MSA modeling is a prime example of a problem where the computational complexity has forced pervasive reliance on approximations. MSAs are among the most widely utilized modeling techniques in bioinformatics as they provide the means to compare and analyze genetic sequences, unveiling evolutionary relationships and conserved regions [8]. This capacity is fundamental for various biological applications, including protein structure prediction, functional annotation, protein families classification, evolutionary modeling, and the understanding of genetic variation [9–12]. The forecast output of large-scale sequencing projects, such as the Earth BioGenome Project [13], will present the MSA field with major scale-up challenges requiring improvements well beyond the current state of the art [1].
While structure-based approaches to MSA have hitherto been limited by the availability of experimentally determined protein structures, recent progress in protein structure prediction [11, 14–16] raises the possibility of utilizing structural information in MSA at a large scale. This additional source of information is especially useful in highly divergent sequences, where the degree of conservation of measured or predicted protein folds can allow more robust alignments than sequence similarity alone [17, 18], but presents computational and deployment challenges. Recent work on using structurally augmented alphabets to improve the scalability of structural MSA [19, 20] confirms the fate of MSA methods as an -omics data integrative procedure. Consequently, a key objective is to provide the community with a generic and flexible deployment platform that integrates and compares all these methods.

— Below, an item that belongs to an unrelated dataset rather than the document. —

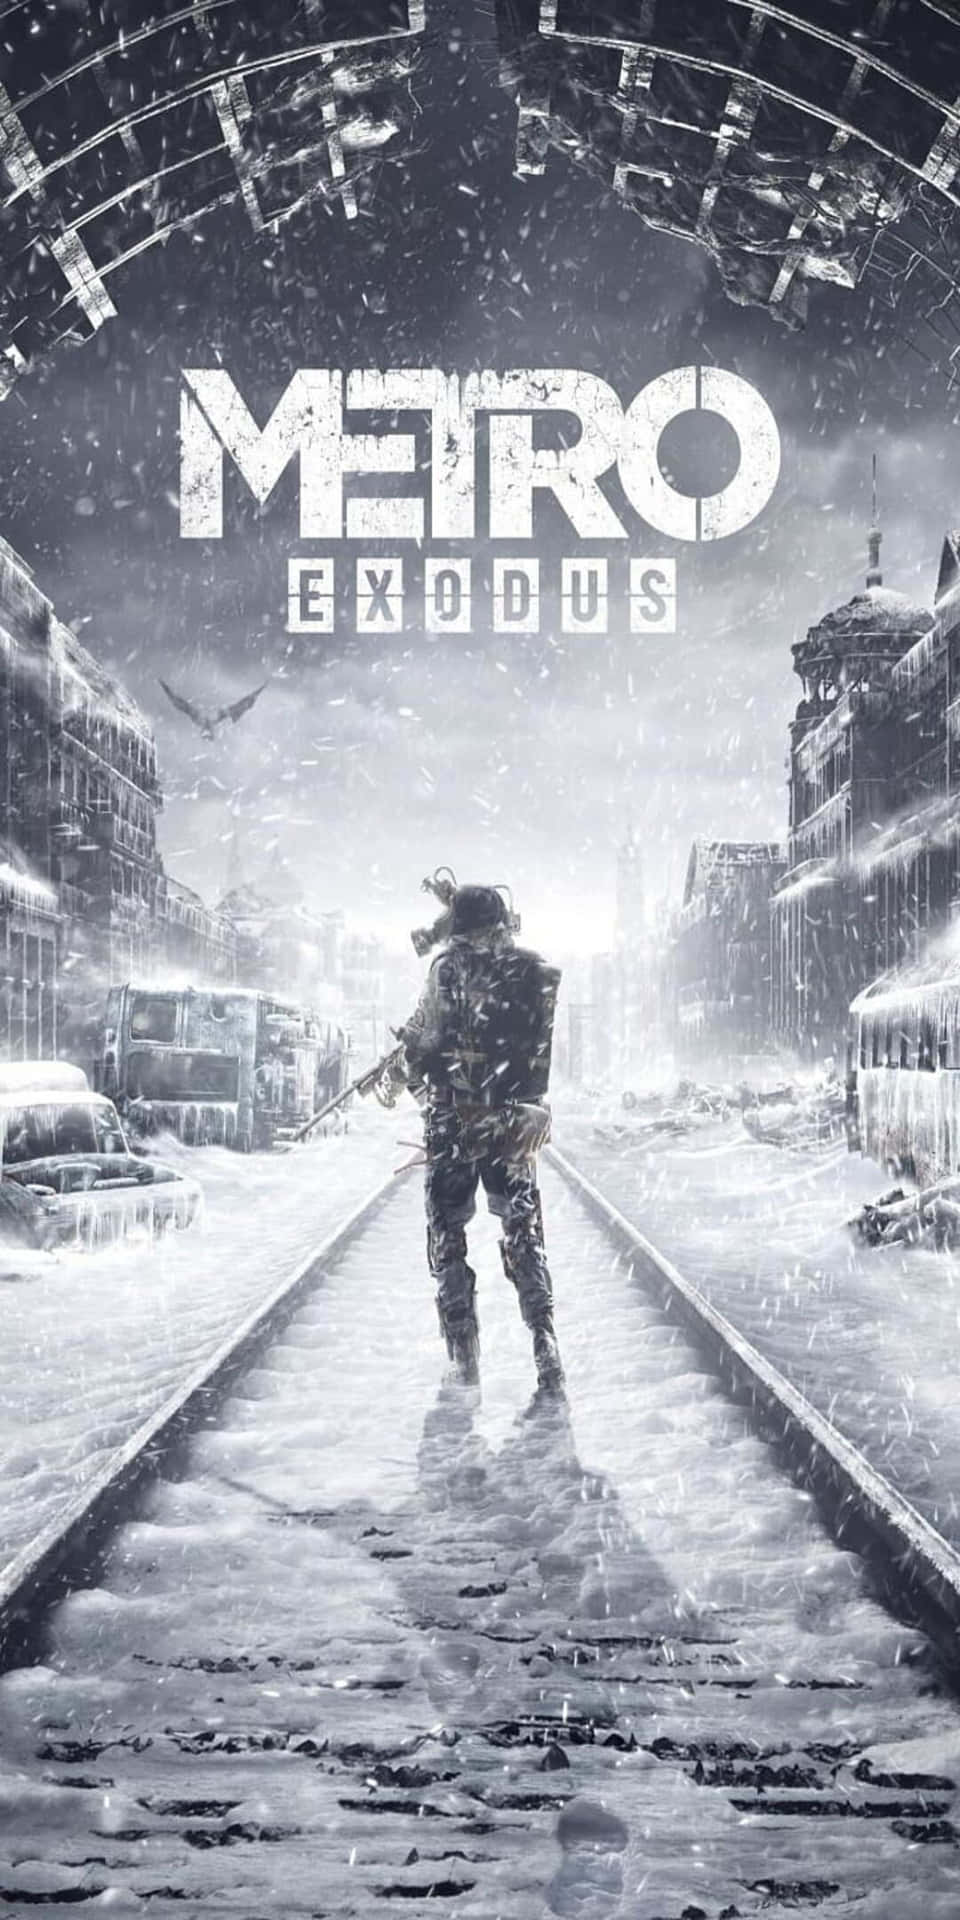 Game Character Inside The Rail Track Pixel 3 Metro 2033 Snow Theme Background

Establishing such a unified framework brings several practical challenges. The most obvious issue is that the requirements of the new algorithms can be very diverse. For instance, they may rely on CPU, GPU, or a combination of both, require a local copy or cloud-based access to a large data corpus, and have complex chains of dependencies on libraries and tools. The community has long recognized these problems and it is now considered good practice to deploy scientific computation using workflow management systems [21], offering efficient task orchestration and resource management. Nextflow [22] has become one of the most popular of these solutions [23]. Nextflow is used by the nf-core community [24], aimed at developing and supporting standardized pipelines to cover all aspects of computational biology. The nf-core ecosystem provides a highly suitable environment for incorporating novel computational developments while ensuring they remain connected to the large corpus of existing methods.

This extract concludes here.